ACTIVITY: After locating the line that contains "Less is More" in the data below, set down exactly that line and each one after it through the line that contains "What Two Holidays", and nothing more.

DATA SUPPLIED:
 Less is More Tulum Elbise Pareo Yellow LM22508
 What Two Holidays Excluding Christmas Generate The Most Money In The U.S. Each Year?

---

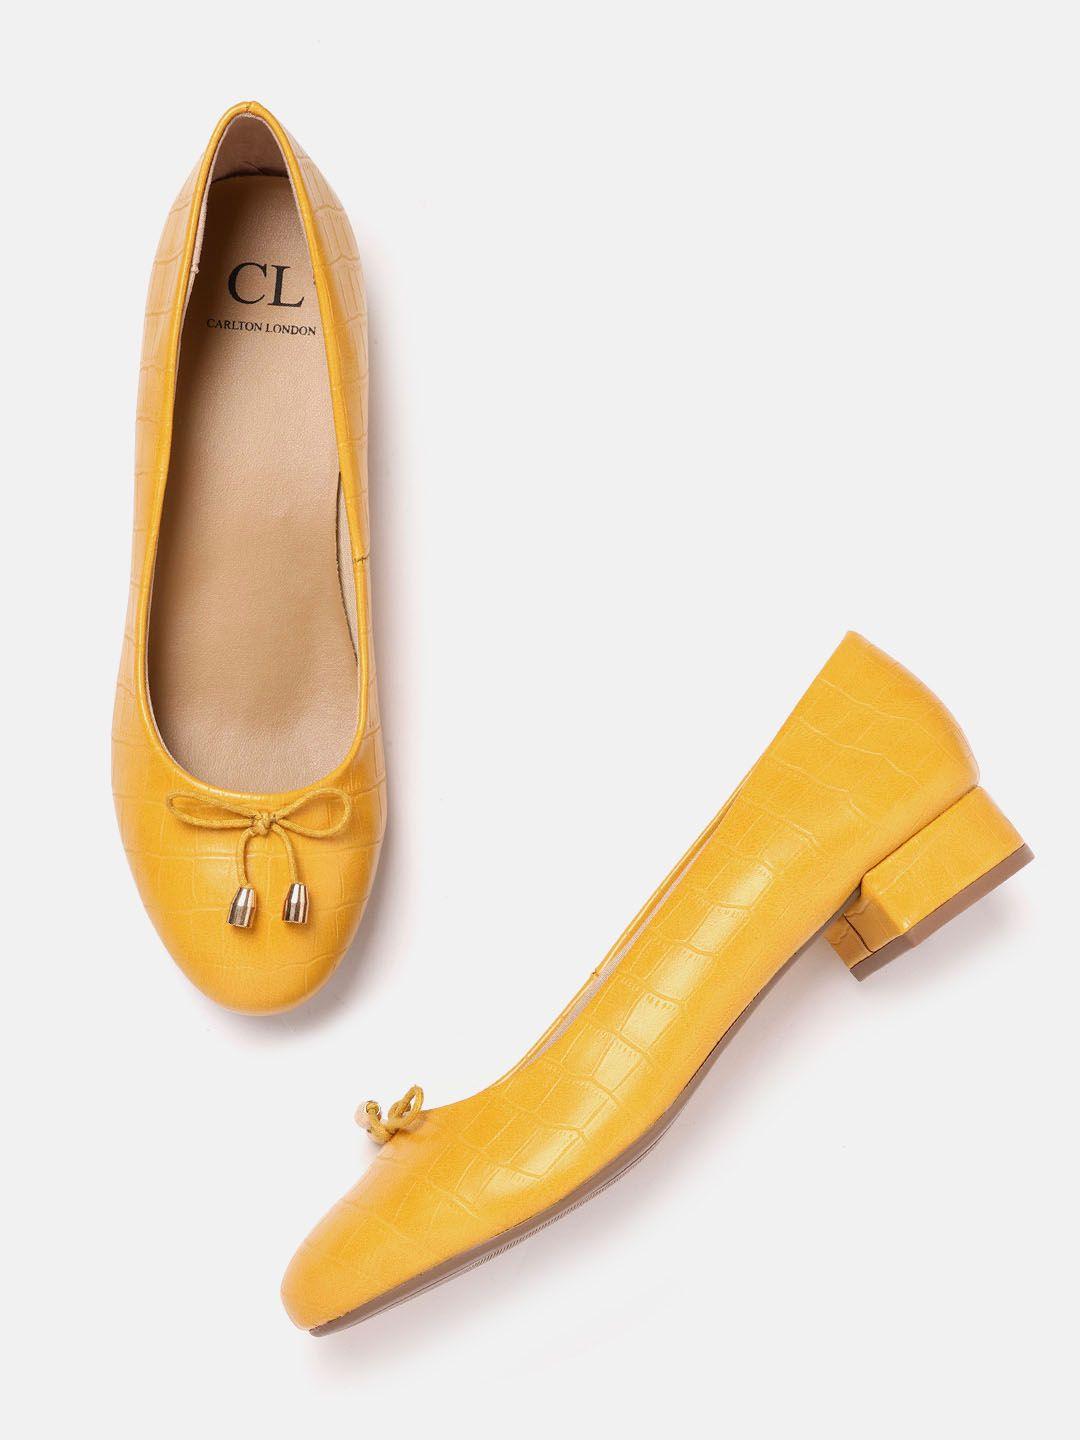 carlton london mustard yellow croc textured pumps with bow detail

EXERCISE SOLUTION:
 Less is More Tulum Elbise Pareo Yellow LM22508
 What Two Holidays Excluding Christmas Generate The Most Money In The U.S. Each Year?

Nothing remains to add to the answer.